No hay respuestas sencillas, por supuesto, para la depresión que sufre la mayoría del país. Tampoco son posibles decisiones parciales y aisladas, mucho menos cuando el remedio es peor que la enfermedad, como en este caso. Asimismo, existen opciones diferentes a las que se aplicaron en el menemismo y continúan en la actualidad, sin ningún beneficio para el bienestar general. Para probarlo, allí están desde el programa electoral de la Alianza hasta las propuestas del subsidio para desocupados y cualquiera de ellas, hasta la devaluación monetaria, son posibilidadesabiertas, cuya única condición inicial es que los costos que demanden sean pagados en la justa proporción por los que más tienen, en lugar de descargarlos siempre sobre las espaldas de los más débiles, desde la clase media para abajo. Cada una de esas posibilidades requiere, por supuesto, vencer las resistencias de los que sacan ganancias de la desgracia generalizada. Esto supone la construcción de un poder suficiente como para contrarrestar y aun doblegar las presiones condicionantes del extremo conservador. El Gobierno no lo construirá, ni siquiera es seguro que se lo proponga, con llamados a la unidad nacional para convalidar el ajuste injusto y la exclusión social. Al contrario, según está a la vista, por ese camino seguirá debilitándose hasta quedar exangüe, rehén de sus propias concesiones injustificadas, hasta que alguna recaída sea letal.

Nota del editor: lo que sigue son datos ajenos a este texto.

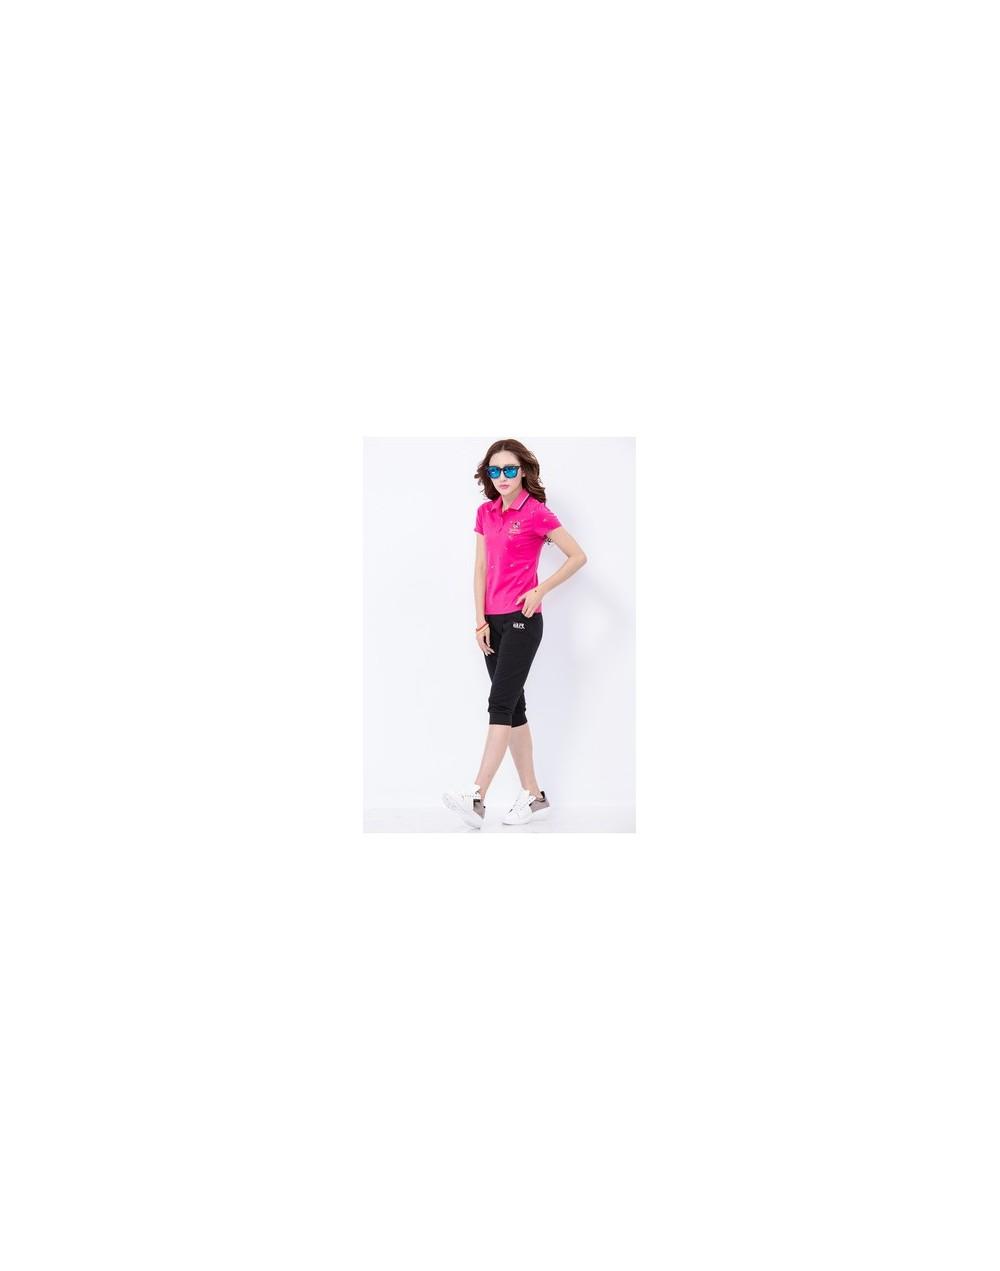 2019 Summer Polos The Woman Casual Short Sleeve Slim Polos Shirts Tops Camisas Mujer Cotton Polos Shirt Hot Sale L0519 - pin...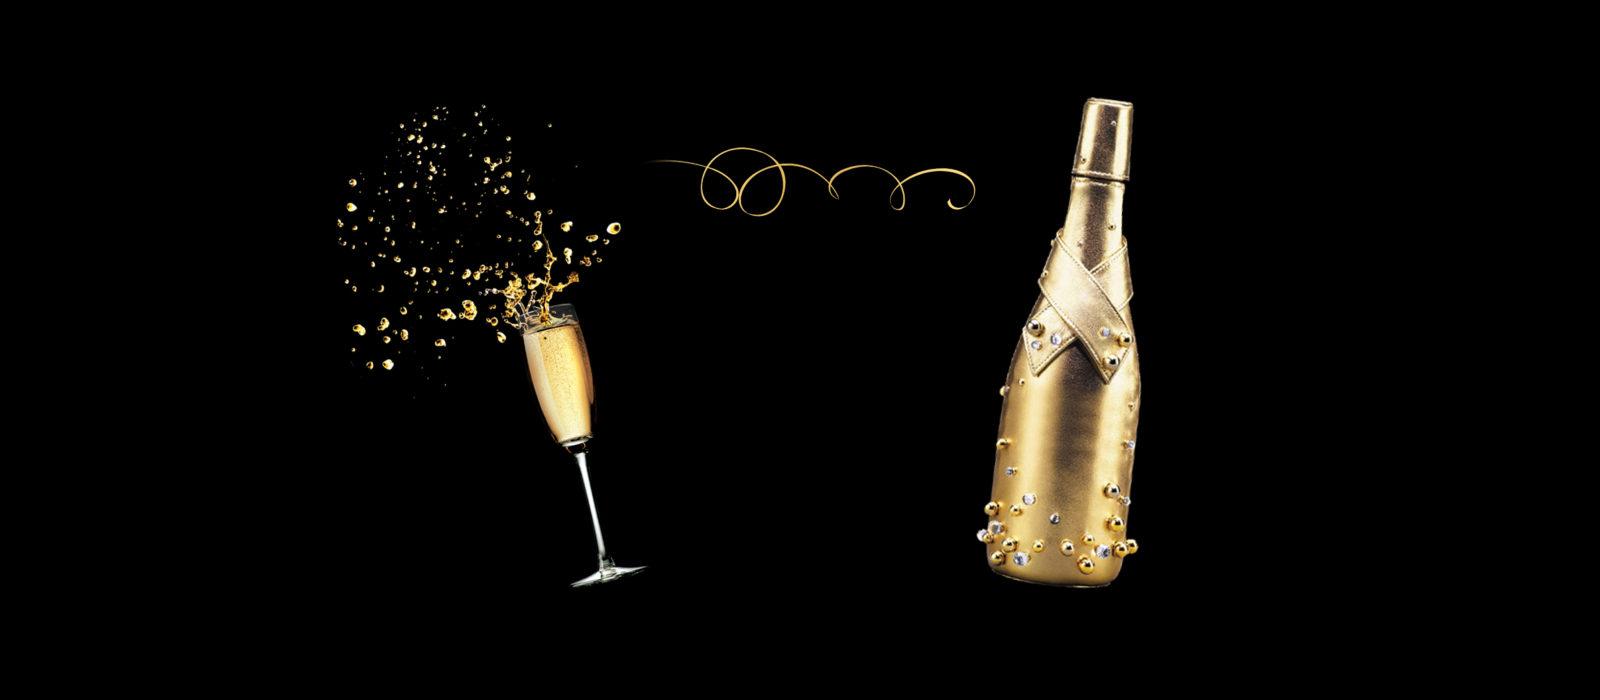 ROC2ROCMUSIC RADIO & BEHINDAGROOVE RADIO Presents The End Of Year Celebration 2017

Los acuerdos entre cumbres, los cabildeos a puertas cerradas y las convocatorias al seguidismo ciego aumentan el desconcierto, el canibalismo político y provocan desaforadas internas, tan estériles como agotadoras. Los responsables del Gobierno pueden apostar, claro está, a la disciplina social por imperio de las necesidades básicas insatisfechas, pero resultará en una espiral de violencia y represión que terminará por abrir las puertas al pasado. En democracia, el mayor poder está en la opinión de los ciudadanos. Si las autoridades republicanas, en los tres niveles, y las de los partidos políticos quieren saber cuál es el pensamiento de una auténtica unidad nacional, que convoquen a la consulta, mediante plebiscito o referéndum, para que cada uno tenga el derecho a comprometer su destino personal, el de su familia y el del país, a conciencia y por voluntad propia.